» **WHAT IS REQUIRED**
Looking at the listing below, retype exactly the lines starting at the one containing "Maximus J Pauson" and ending at the one containing "Hunting/Recreational Land in Arkansas", both included, and nothing else.

» **MATERIAL FOR THIS EXERCISE**

........

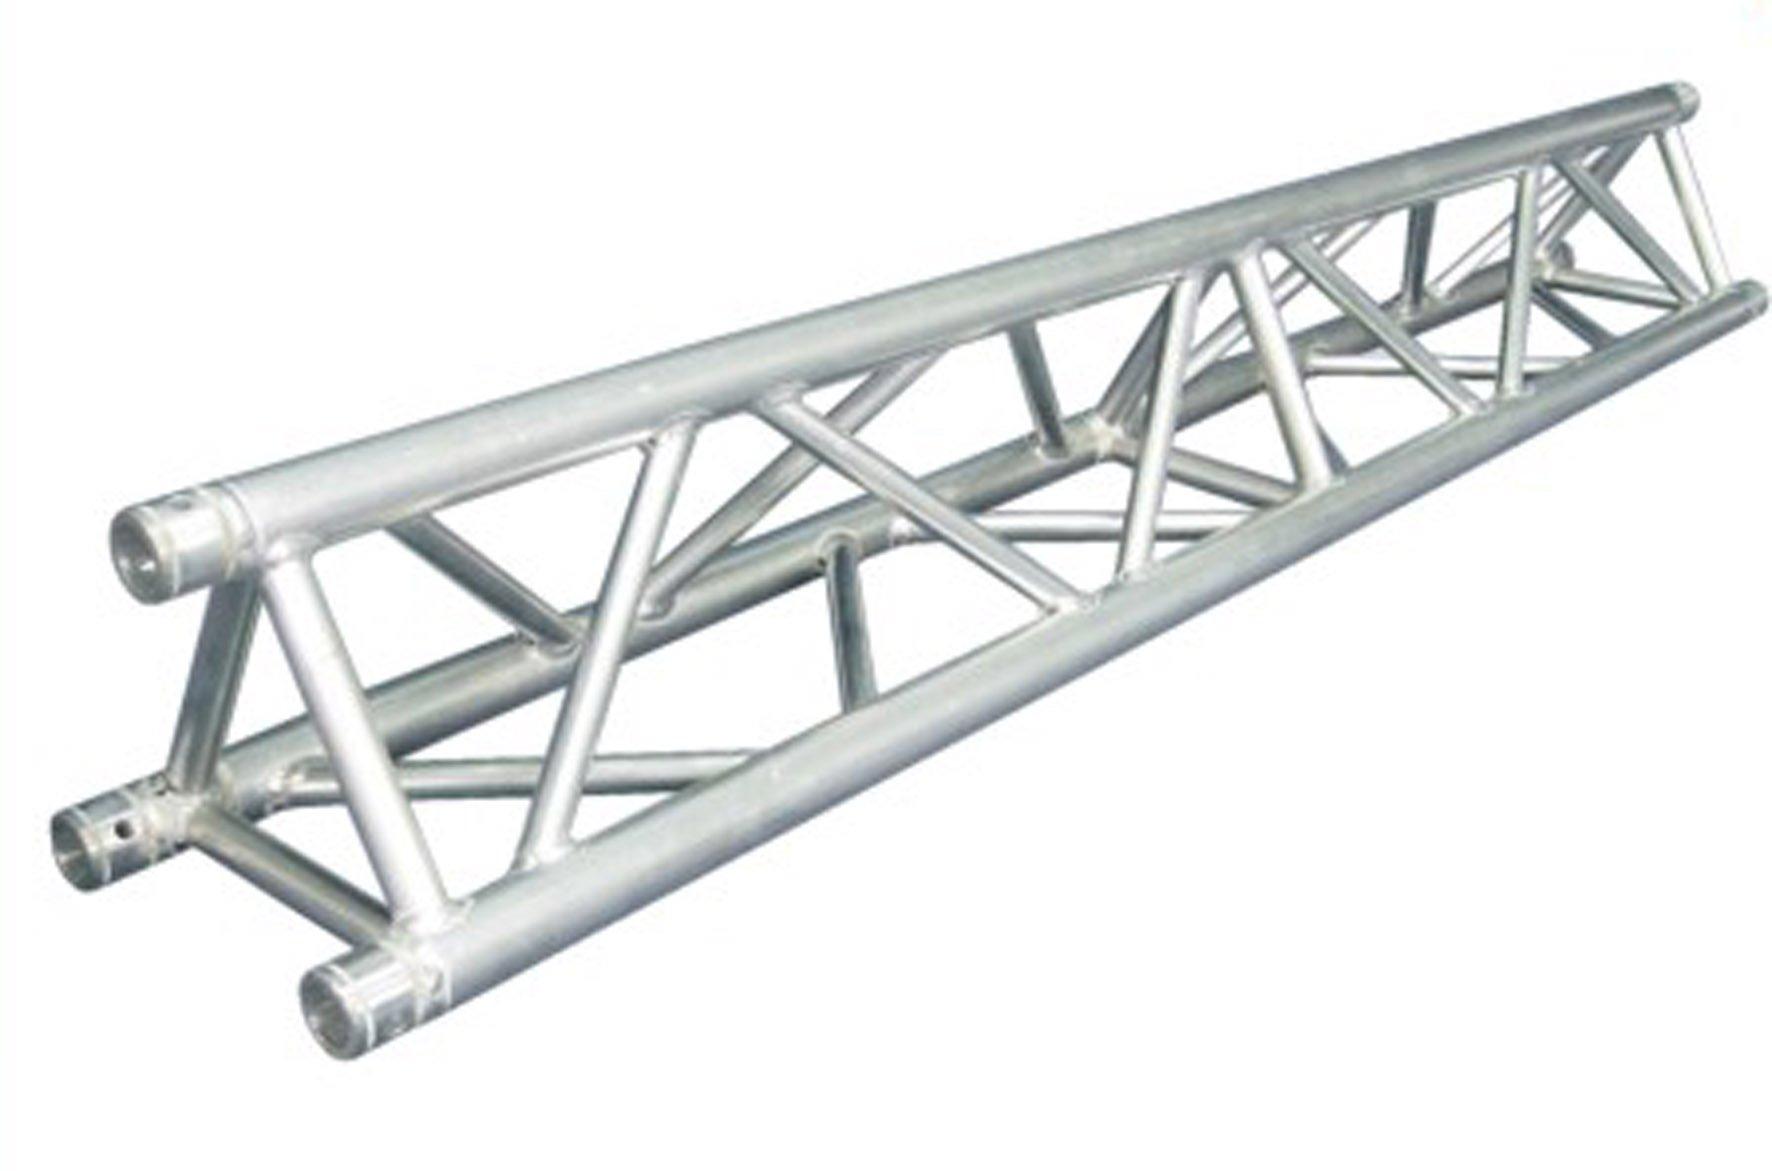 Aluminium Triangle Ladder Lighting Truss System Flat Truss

........

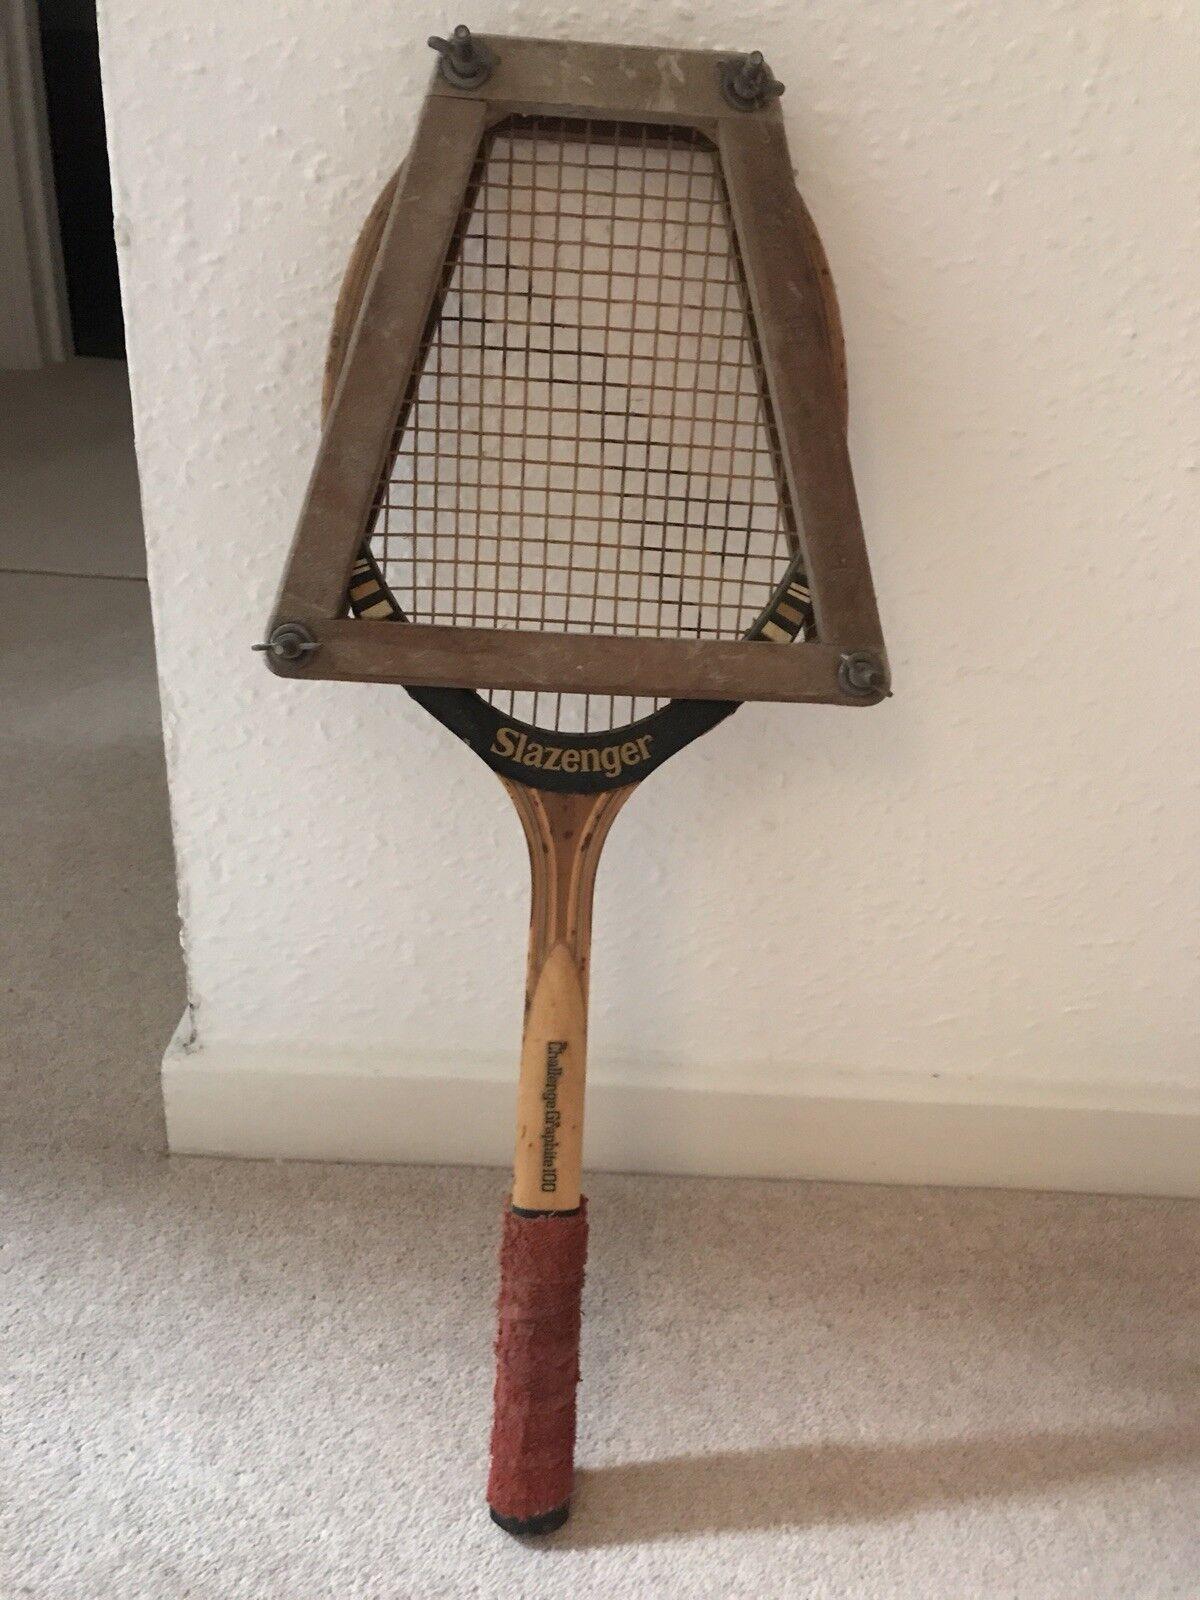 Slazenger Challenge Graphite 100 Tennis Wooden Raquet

........

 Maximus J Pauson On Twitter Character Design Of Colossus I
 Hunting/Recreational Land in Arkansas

........

» **RESPONSE TO THIS EXERCISE**
 Maximus J Pauson On Twitter Character Design Of Colossus I
 Hunting/Recreational Land in Arkansas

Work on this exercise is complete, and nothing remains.